── AVAILABLE RECORDS

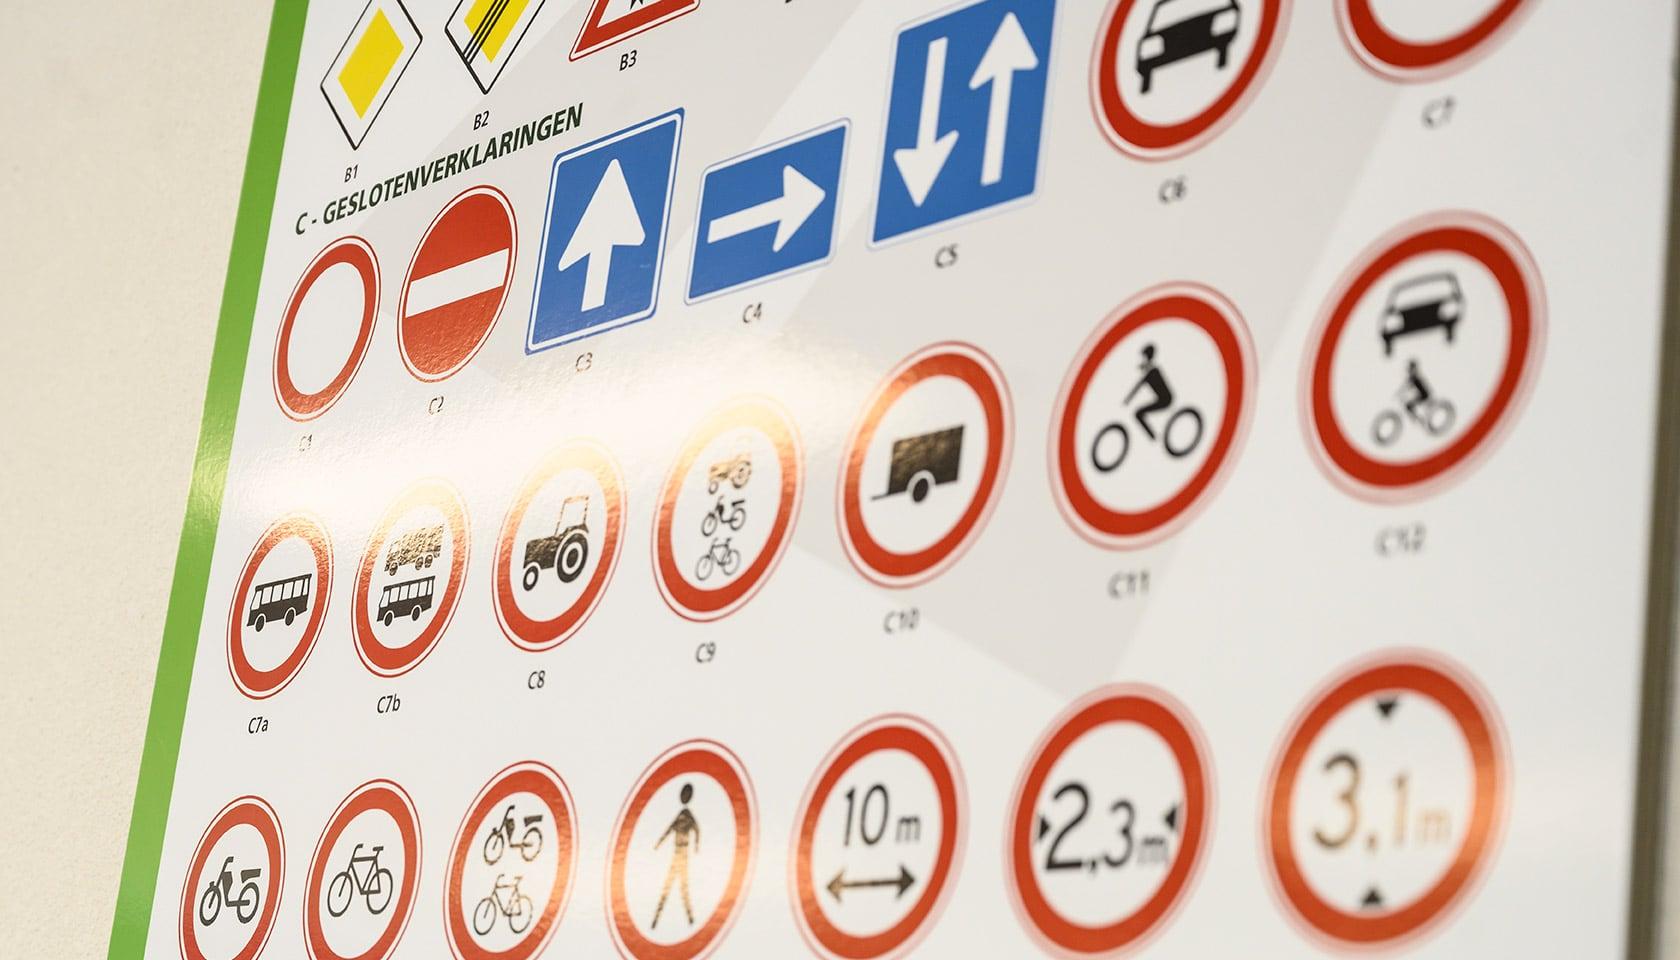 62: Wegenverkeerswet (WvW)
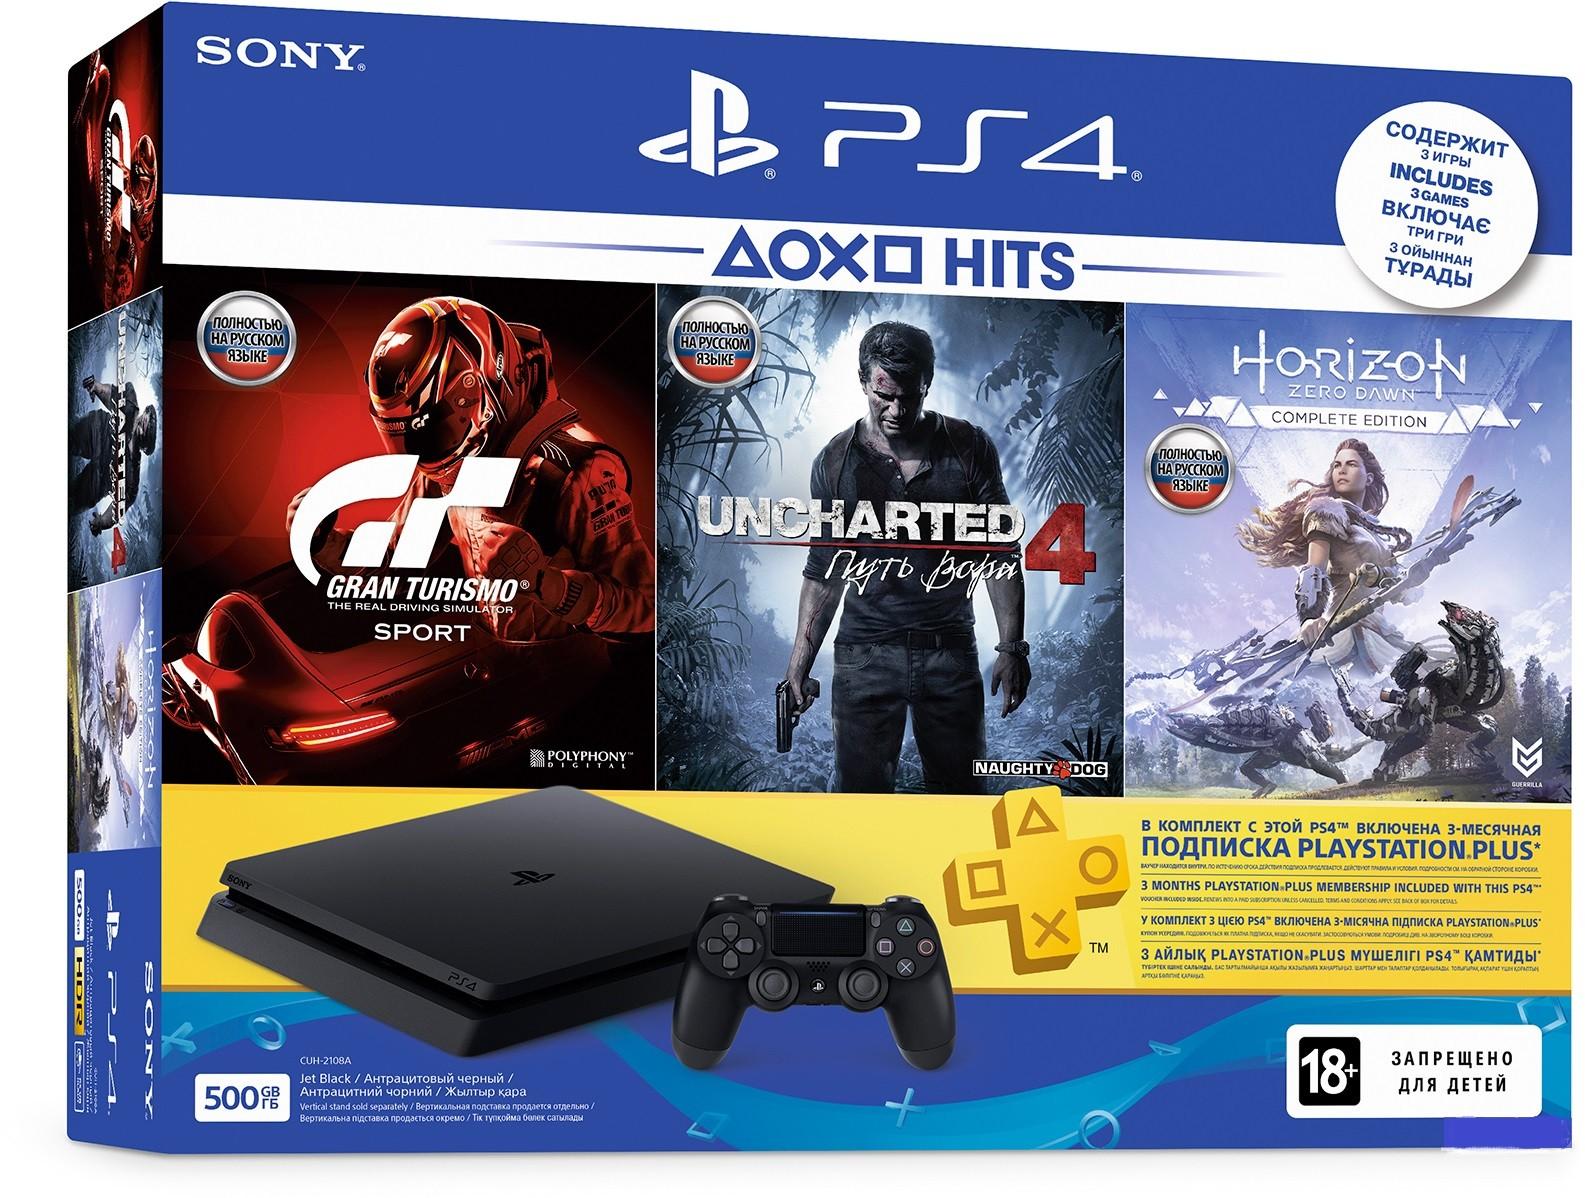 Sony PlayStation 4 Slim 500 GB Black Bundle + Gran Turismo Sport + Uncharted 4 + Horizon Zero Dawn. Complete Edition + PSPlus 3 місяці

────
── AVAILABLE RECORDS

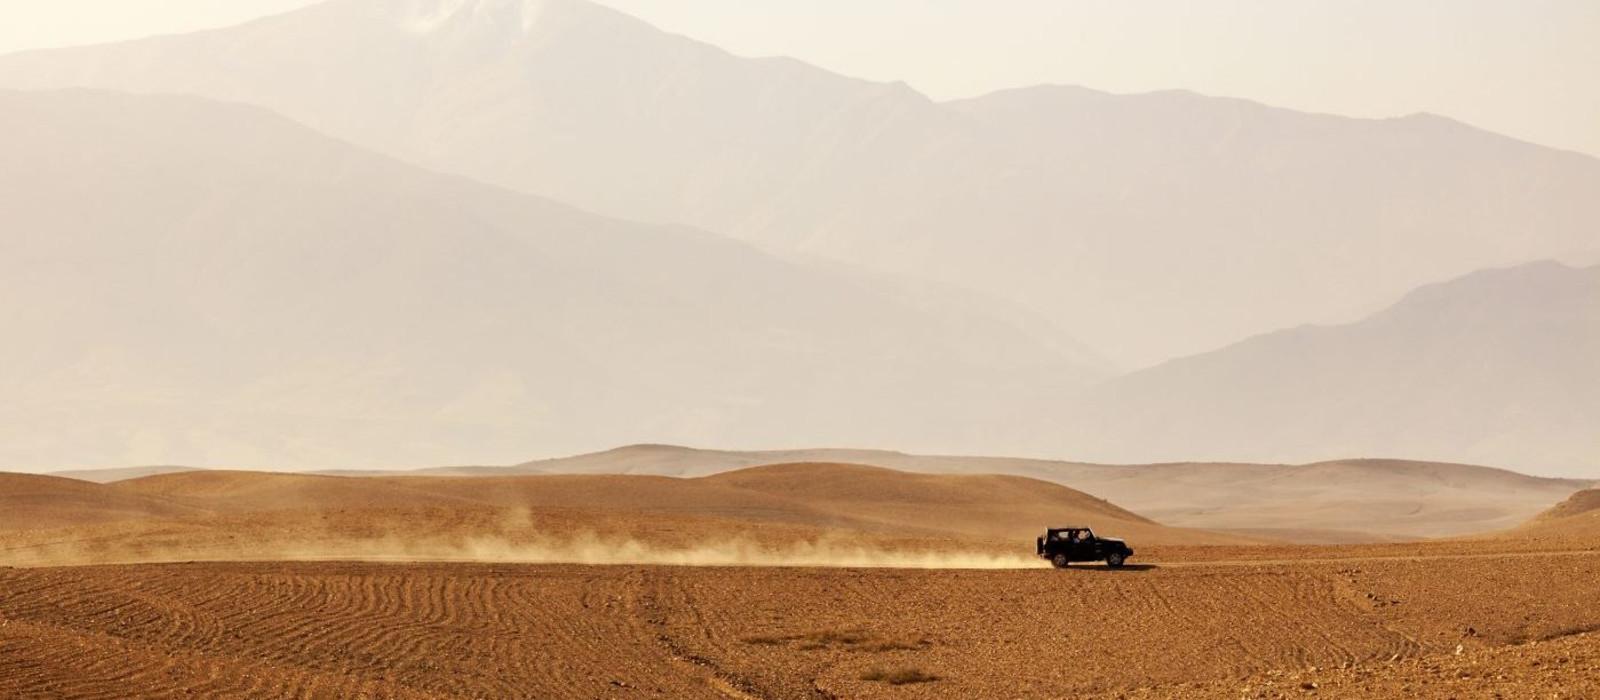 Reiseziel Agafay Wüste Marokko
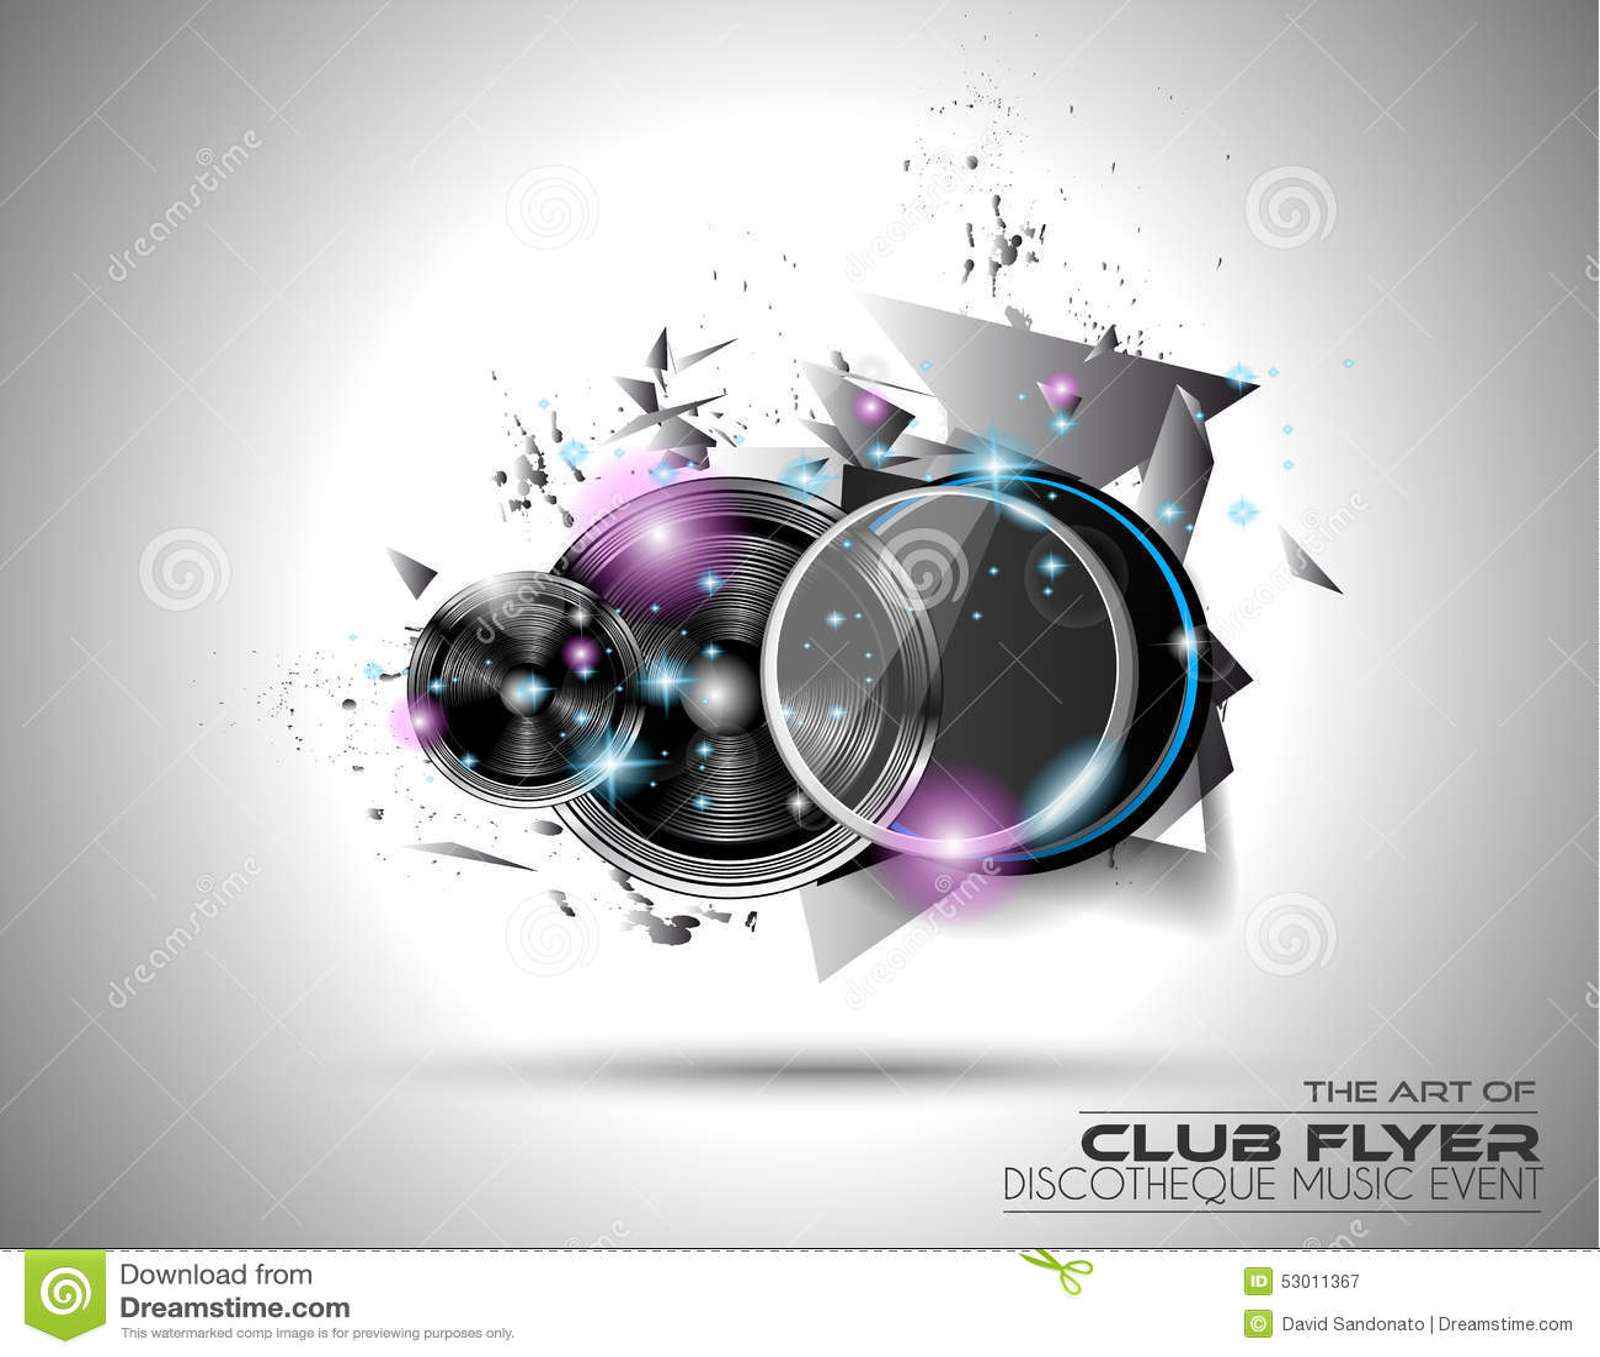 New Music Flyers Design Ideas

────
── AVAILABLE RECORDS

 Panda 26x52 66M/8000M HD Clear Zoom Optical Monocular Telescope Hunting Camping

────

- WHAT TO DO:
All pictures are to be skipped. Output, word for word, the lines in the data above starting at the line containing "Reiseziel Agafay Wüste Marokko" and ending at the line containing "New Music Flyers Design Ideas".

- TASK SOLUTION:
 Reiseziel Agafay Wüste Marokko
 New Music Flyers Design Ideas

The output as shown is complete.